Places such as protected areas and forests have more trees and a stronger carbon storage capacity than cities, but with the increase in carbon emissions, these places are under great pressure to sequester carbon. Deepakshi et al. assessed carbon sequestration in protected areas in three phases using the Markov and InVEST models [44], and due to the degradation of the forests and the slow regeneration, the carbon stocks are being lost, and it is still not clear what the future carbon storage capacity. Therefore, the role of cities in carbon storage can be considered. The impact of LUCC on carbon storage due to current urbanization has not been clarified, and studies on carbon storage prediction in conjunction with future LUCC are lacking. Taking this as a starting point, this study sets the ecological green space as a no-conversion zone according to the policy and simulates Shanghai’s land use distribution under two scenarios of natural development and ecological conservation in 2025 and 2030 using the Logistic-CA-Markov coupled model. Considering the outcomes of the simulation, the carbon stock level of each land use type is further predicted, and the main process affecting the carbon stock of land use is the ebb and flow between cropland and built-up land. In order to increase the overall carbon stock of the city, green roofs can be constructed in the city center to form urban mixed green space. Non-central urban areas should protect existing forests, cultivate new forests, and advocate sustainable forest management strategies while limiting the expansion of construction land [25,43,44].

This study explores the effects of future LUCC on Shanghai’s carbon stock under various scenarios using the InVEST model, which is significant for the future understanding of the regional terrestrial ecosystems in Shanghai and also helps to target the implementation of improvement measures in the future. Through the simulated projections of the two scenarios of natural development and ecological protection, it is recommended that the Shanghai Municipal Government (i) strictly control the scale of land for built-up and implement strict cropland protection measures; (ii) implement policies to promote sustainable land use, such as land zoning, conservation easements, and carbon sequestration incentives [45]; and (iii) implement ecological initiatives, such as those that safeguard wetlands and natural forests [19]. As a part of the demonstration zone of green and integrated ecological development of the Yangtze River Delta, Qingpu District has great potential to contribute to the regional carbon stock. As of 2022, Qingpu District has 14,709.96 hm² of wetlands. The characteristic anoxic conditions of wetlands can slow down decomposition, accumulate large amounts of organic matter, and hold more than 40% of soil carbon [46]. This feature is of significant significance to enhance the overall carbon stock in Shanghai.

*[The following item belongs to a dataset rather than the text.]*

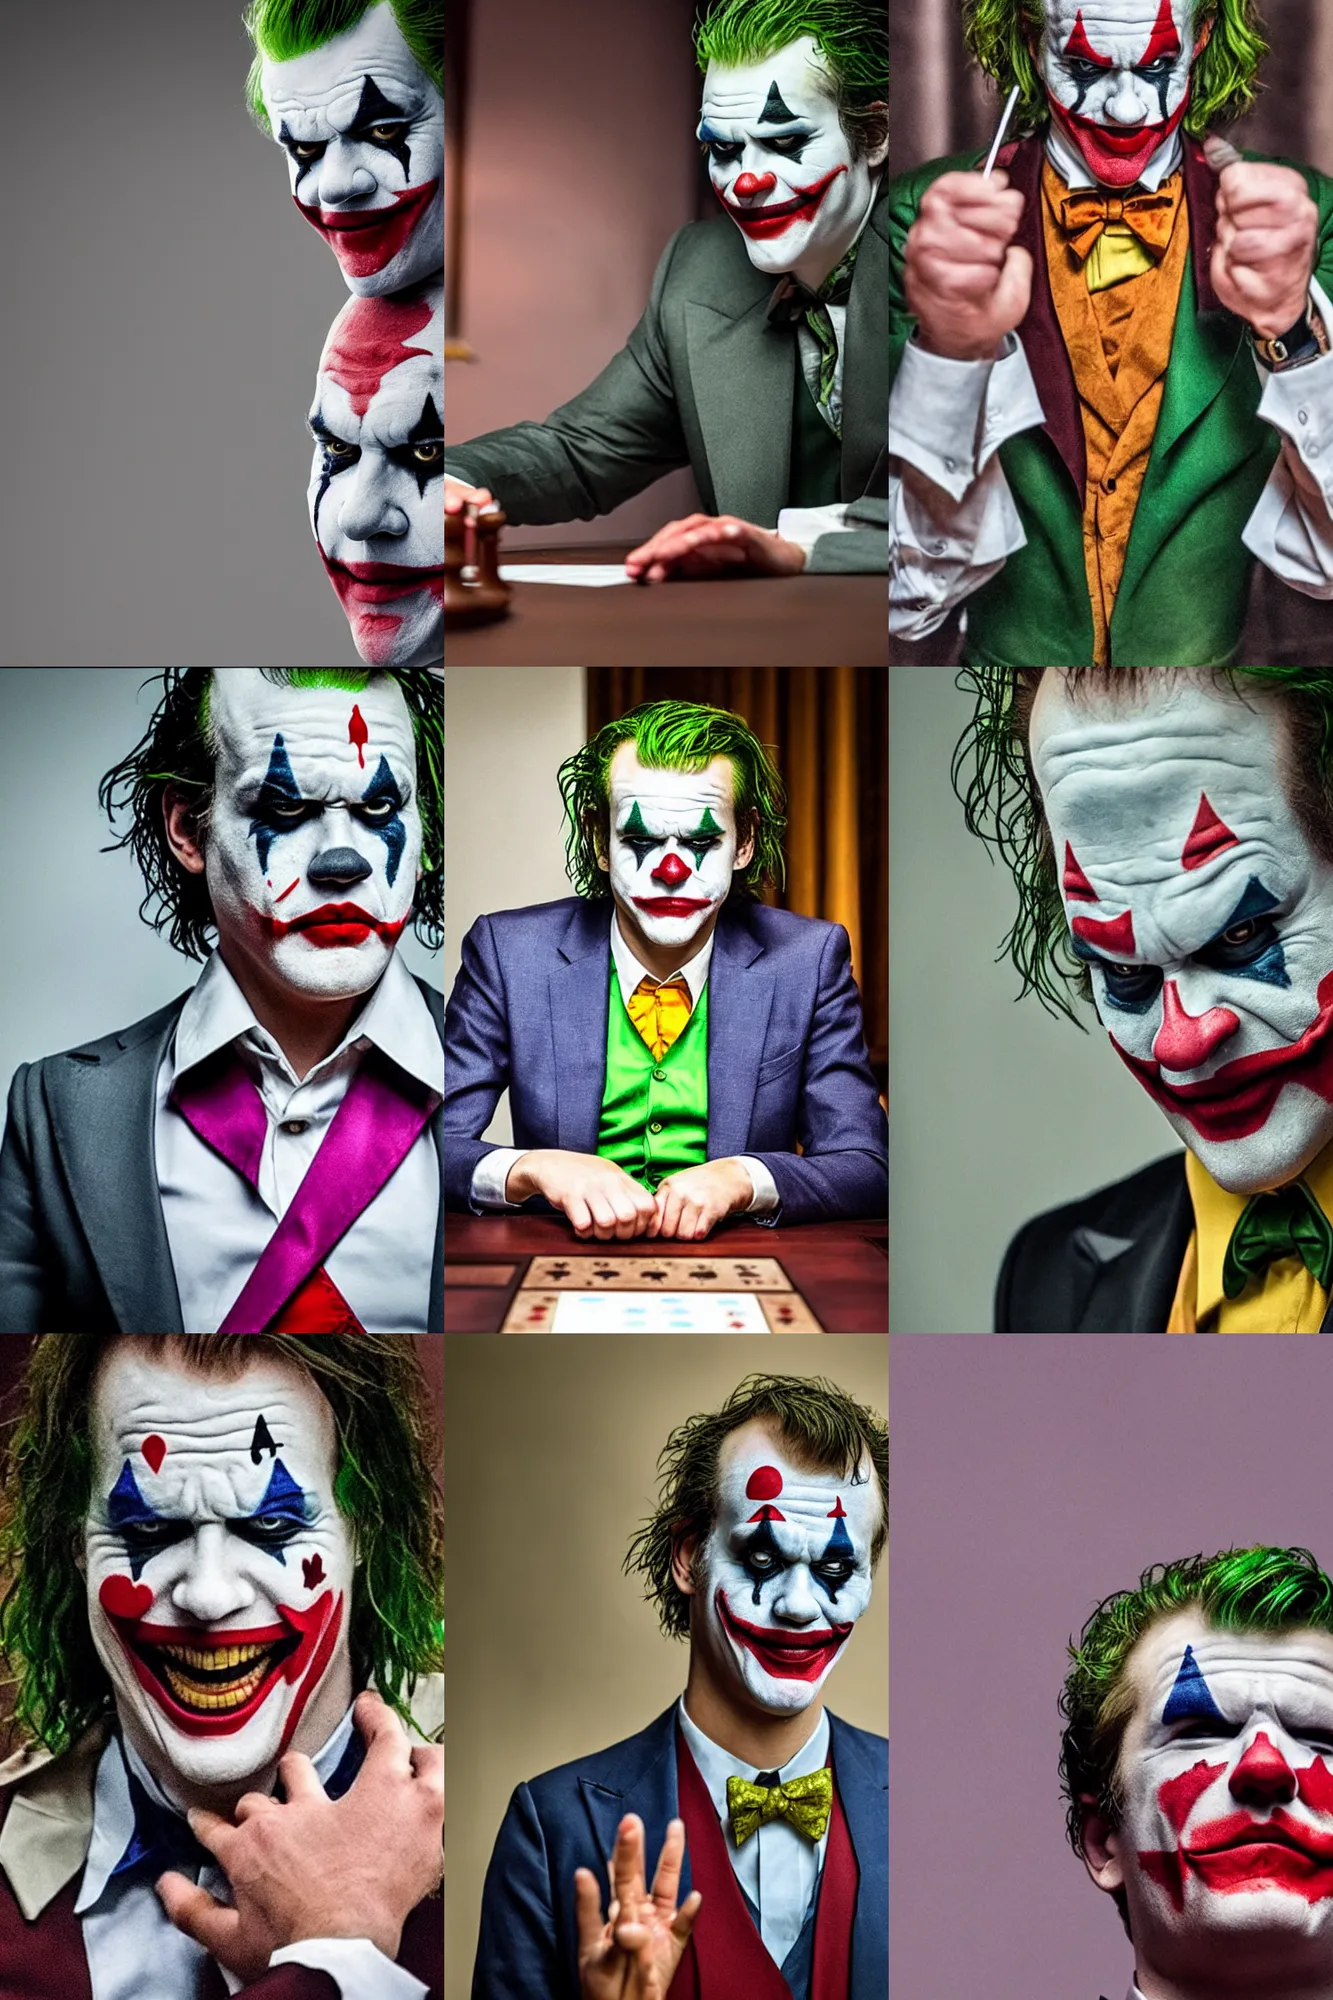 Prompt: Magnus Carlsen in Joker (2019)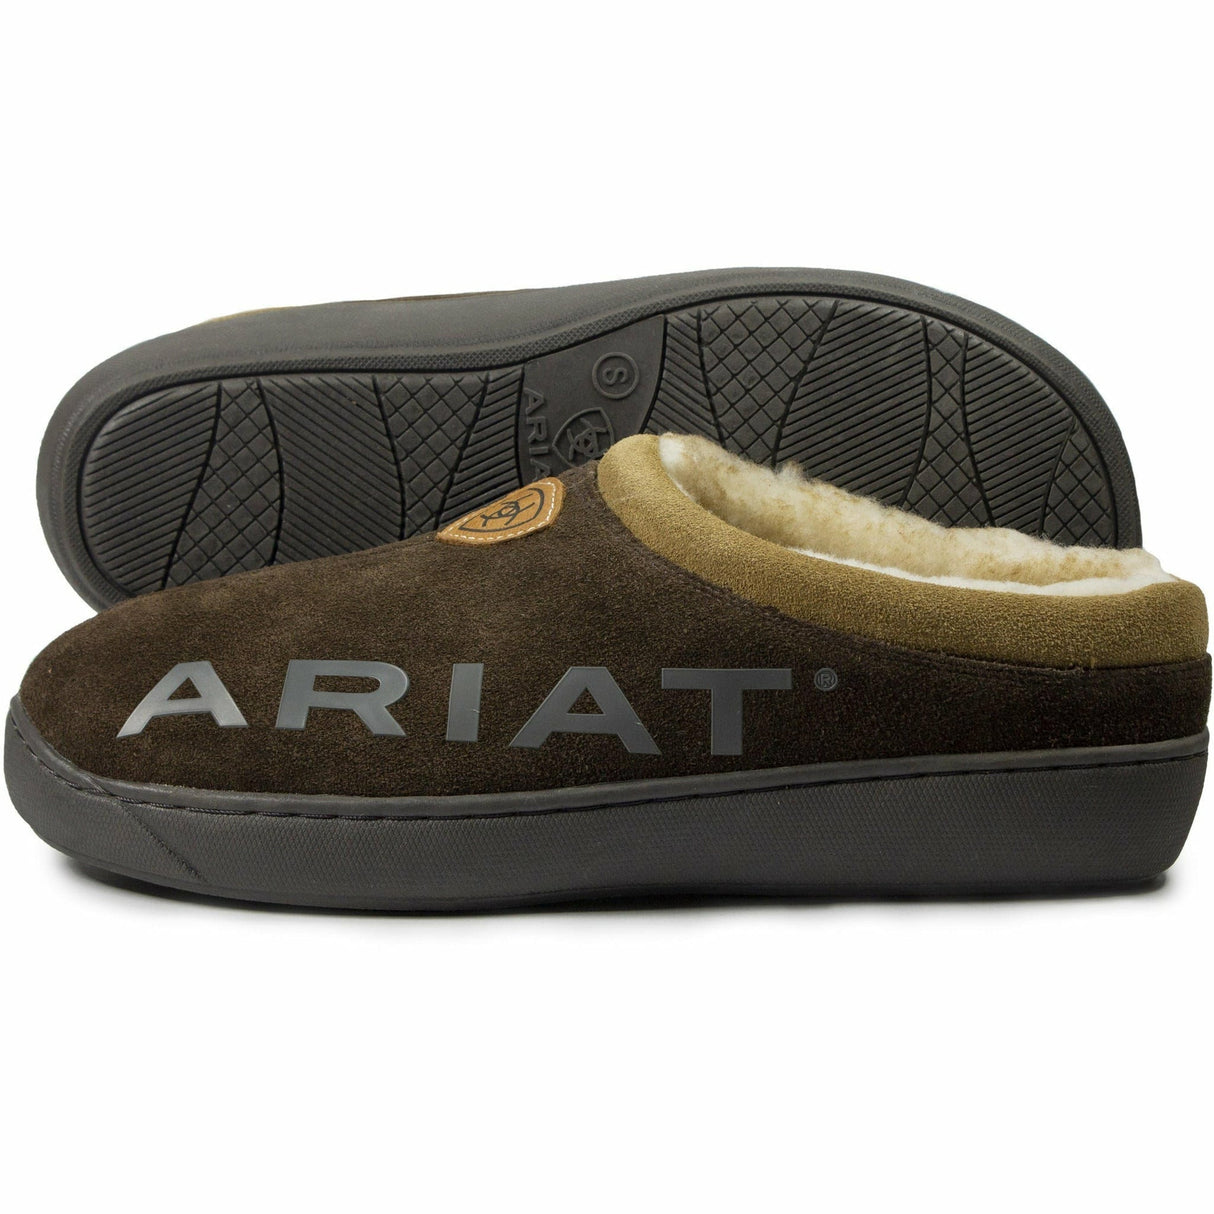 Ariat Mens Suede Clog w/ Ariat Logo Slippers  -  M9 / Chocolate

One of the study’s limitations is that it did not take into account how driving forces would affect changes in land use at various spatial scales. The ideal scale for spatial land use prediction can be discussed further in further research. This study’s calculation of Shanghai’s carbon stock relies heavily on the land use data and the carbon density data of each land use type obtained from other scholars’ studies, and the accuracy of these data varies a little in different study areas. The findings of this study only reflect some carbon dynamics in the study area, especially in some specific land–water transition areas. Future research should focus on better characterizing LUCC patterns, obtaining accurate data on terrestrial carbon sinks, and quantifying the gradient of carbon stock changes in terrestrial ecosystems.